If Congress allows credit unions to make more business loans, the industry can expect even more supervision from the NCUA.
The agency, already under pressure to protect the National Credit Union Insurance Share Fund from additional losses, has been coming down hard during examinations to ensure that credit unions are vigilant about anticipating all the risks before making a business loan.
“They [NCUA examiners] are pushing for our risk analyses to be even more rigorous than in the past. They are asking us do more modeling and look at more possible scenarios so we are less likely to lose money. The oversight has always been strong but they have definitely stepped it up,’’ said Marcus Schaefer, president/CEO of Truliant Federal Credit Union, a $1.1 billion institution in Winston-Salem, N.C.
The NCUA has declined to say what kind of additional regulations it would issue. If credit unions can persuade Congress to raise the cap, the agency has said it plans to strengthen its regulations.
Don Gentges, a lawyer who advises credit unions on compliance issues, said his clients are reporting that the NCUA has been especially adamant in ensuring that all loans, especially business loans, are adequately underwritten. He also noted that the agency has been more vigilant in ensuring that credit unions are working with the most accurate appraisals possible when making commercial real estate loans.

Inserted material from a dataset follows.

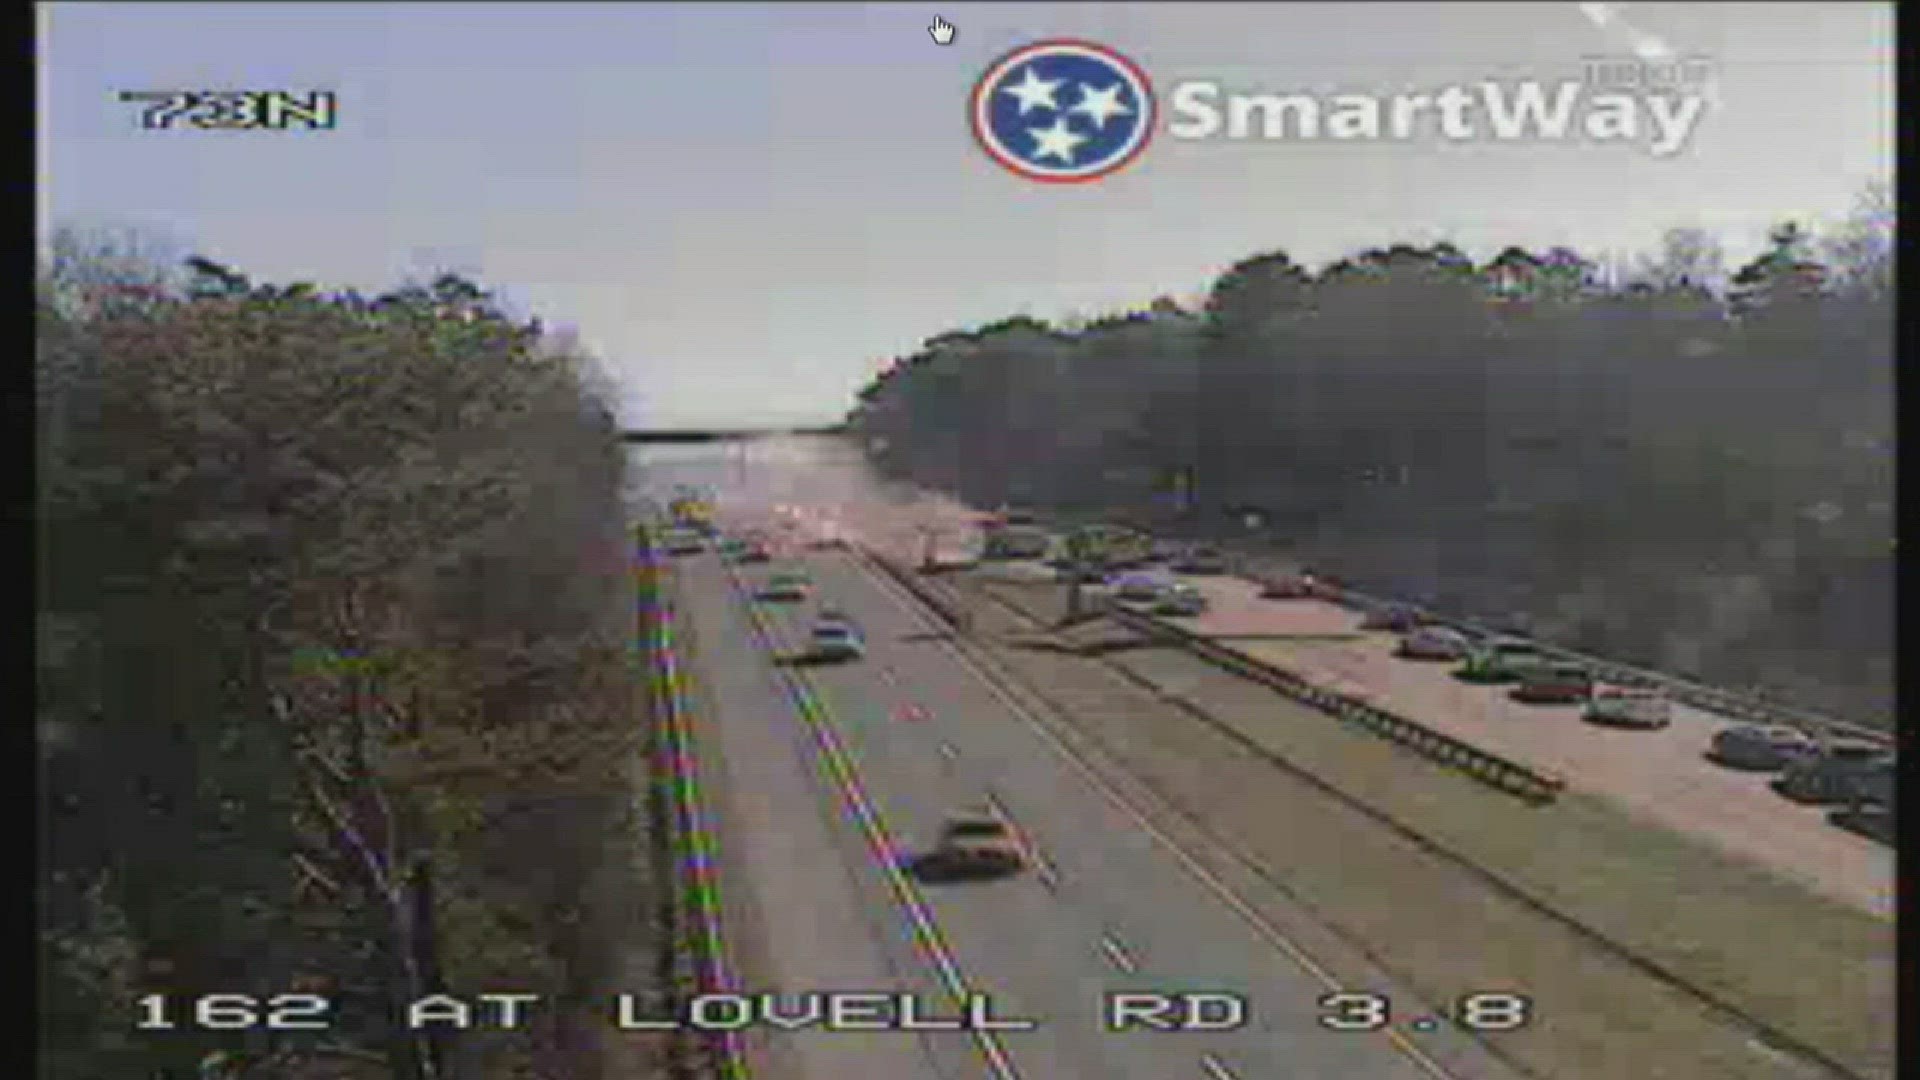 Pellissippi Parkway at Lovell Road has been closed following a multi-vehicle crash on the southbound side.

“In light of the problems that credit unions and banks faced during the financial crisis, there is an emphasis by regulators on going to back to the basics,’’ said Gentges, a partner in the law firm Whyte Hirschboeck Dudek S.C. in Milwaukee.
The NCUA is also making sure that credit unions do not exceed the limit of member business lending cap of 12.25% of assets, which Congress mandated in 1998. According to the regulator, 289 of the 2,226 credit unions that make member business loans are at or near the cap. Credit unions that are exempt from the cap include those designated as low income and those chartered to make small business loans.
According to the NCUA, as of June 30, there was $39.2 billion worth of outstanding MBLs. The average loan amount was $223,000. At credit unions making business loans, those loans represented an average of 5% of their assets.
Meanwhile, legislation is pending in both the House and Senate that that would increase the cap on member business loans from 12.25% to 27.5% of assets. In the House, a bill by Reps. Ed Royce (R-Calif.) and Carolyn McCarthy (D-N.Y.) has 62 cosponsors in the 435-member chamber. In the 100-member Senate, a companion bill by Sen. Mark Udall (D-Colo.) has 20 co-sponsors.
Both bills require that credit unions must be well-capitalized, be at or above 80% of the current cap, have five or more years of member business lending experience and be able to demonstrate sound underwriting and servicing. If a credit union’s net worth ratio falls below the well-capitalized requirement, which is currently 7%, it would have to stop making new business loans.
When endorsing the legislation at a Senate Banking Committee hearing in June, NCUA Chairman Debbie Matz said if it passed, the agency would “ensure its prudential regulatory framework is further enhanced to manage the associated risks.”
Last year, she wrote to U.S. Department of Treasury Secretary Timothy Geithner that the agency would “promptly revise our regulation to ensure that additional capacity in the credit union system would not result in unintended safety and soundness concerns.”
Gentges said the NCUA will likely want to make sure that the credit union executives in charge of business lending are trained to handle the new types of lending.
“You could see a scenario in which a credit union that can make more loans would want to do more floor-plan financing, in which they finance a store’s inventory purchases on a revolving or line-of-credit basis. That requires a different kind of risk assessment by the credit union,’’ Gentges said.
In her Senate testimony in June, Matz conceded that there have been challenges in effectively regulating MBL practices at credit unions.
She said that of the 55 credit union failures in 2009 and 2010, only one was primarily due to problems with the institution’s business loan portfolio. But she also noted that problems with MBLs were a “contributing factor’’ at credit union failures that cost the NCUSIF $83.4 million during that two-year period. The NCUSIF lost $406 million due to credit union failures in 2009 and 2010.